Four protection layers

1
robots.txtpublic/robots.txt in your publish directory — Netlify CDN serves it before any function runs
2
noai meta tagFramework meta API — Next.js Metadata, SvelteKit <svelte:head>, Nuxt useHead, Astro <head>
3
X-Robots-Tag header_headers file (zero config) or netlify.toml [[headers]] block — applied at CDN edge
4
Hard 403 blockNetlify Edge Functions (Deno) — intercept all requests before site content, globally distributed

Layer 1: robots.txt

Netlify serves static files from your publish directory directly from its CDN — before any function or edge function runs. Your publish directory is configured in netlify.toml (or defaults to public).

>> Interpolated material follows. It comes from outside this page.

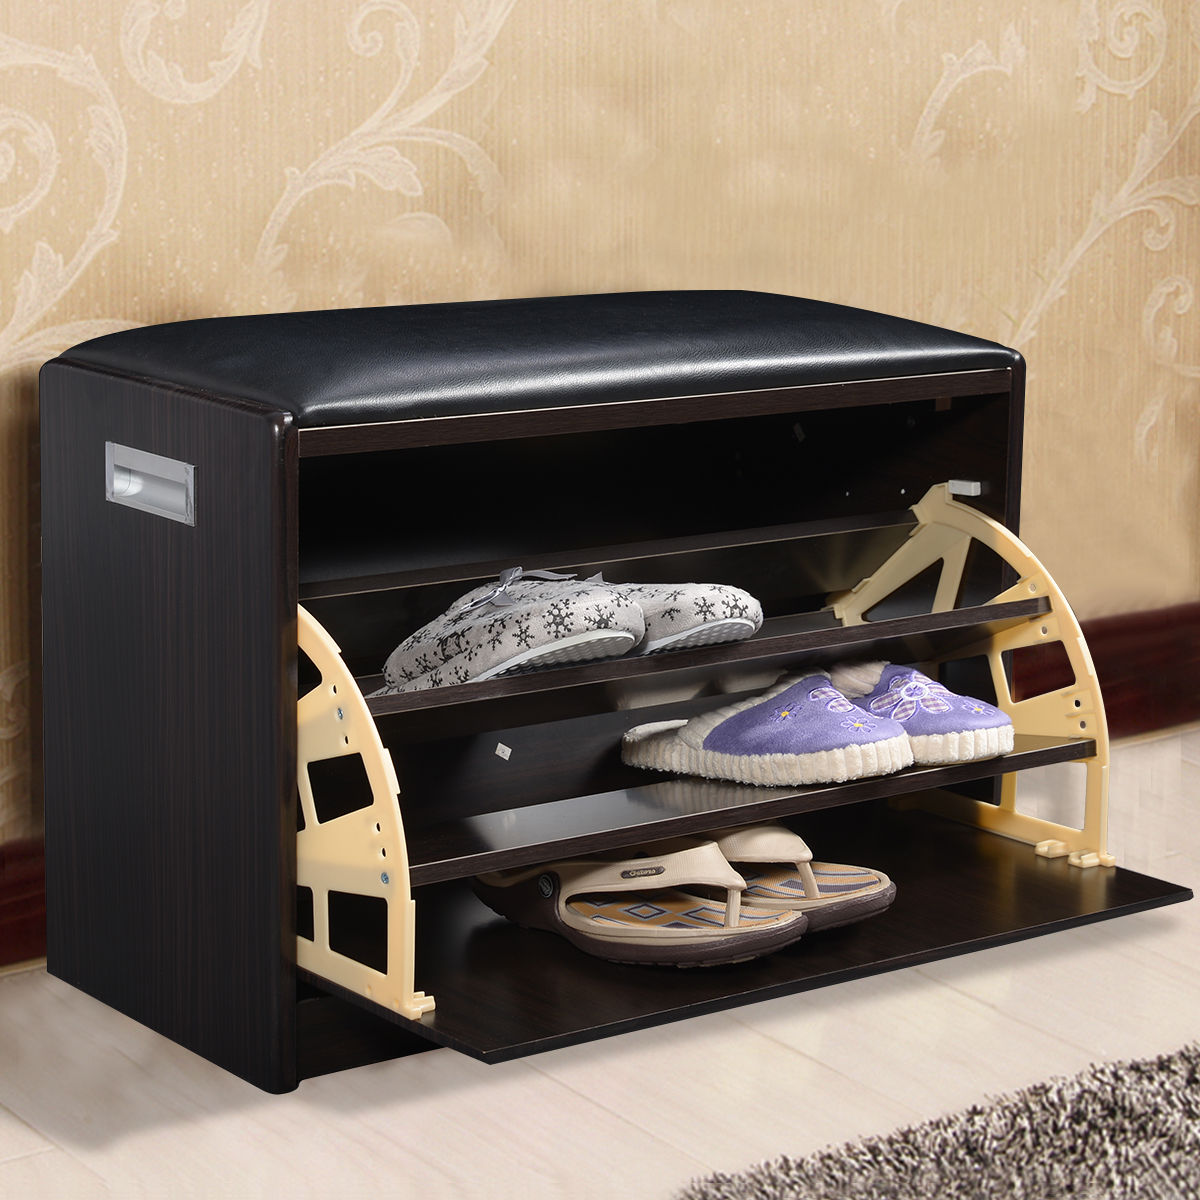 Giantex Wood Shoe Storage Ottoman Bench Modern Shoes Cabinet Closet Shelf Entryway Multipurpose Pouffe Stool HW49316BK francis black fabric ottoman bench

# netlify.toml — confirm your publish directory
[build]
  publish = "public"   # Next.js, Astro
  # publish = "dist"   # SvelteKit (check svelte.config.js)
  # publish = ".next"  # Next.js with output: 'export'

Place robots.txt in your publish directory:

# public/robots.txt  (Next.js, Astro, Gatsby)
# static/robots.txt  (SvelteKit — copies to dist/ at build)

User-agent: *
Allow: /

# AI training crawlers — disallow content and image use
User-agent: GPTBot
User-agent: ClaudeBot
User-agent: anthropic-ai
User-agent: Google-Extended
User-agent: CCBot
User-agent: Bytespider
User-agent: Applebot-Extended
User-agent: PerplexityBot
User-agent: Diffbot
User-agent: cohere-ai
User-agent: FacebookBot
User-agent: omgili
User-agent: omgilibot
Disallow: /

SvelteKit note

In SvelteKit, static/robots.txt is copied to the build output automatically. You can also generate it dynamically from src/routes/robots.txt/+server.ts.

Layer 2: noai meta tag

The noai and noimageai directives are set in your framework's meta API, not in Netlify config. Examples for the most common frameworks deployed to Netlify:

Next.js (App Router)

// app/layout.tsx
export const metadata = {
  robots: 'noai, noimageai',
};

SvelteKit

<!-- src/routes/+layout.svelte -->
<svelte:head>
  <meta name="robots" content="noai, noimageai" />
</svelte:head>

Astro

---
// src/layouts/Base.astro
---
<html>
  <head>
    <meta name="robots" content="noai, noimageai" />
    <slot name="head" />
  </head>
  <body><slot /></body>
</html>

Nuxt

// nuxt.config.ts
export default defineNuxtConfig({
  app: {
    head: {
      meta: [
        { name: 'robots', content: 'noai, noimageai' }
      ]
    }
  }
})

Layer 3: X-Robots-Tag header

Netlify applies response headers at the CDN level — before your framework or functions run. Two equivalent approaches:

Option A: _headers file (simplest)

Create a _headers file in your publish directory. Netlify processes it automatically — no additional config required.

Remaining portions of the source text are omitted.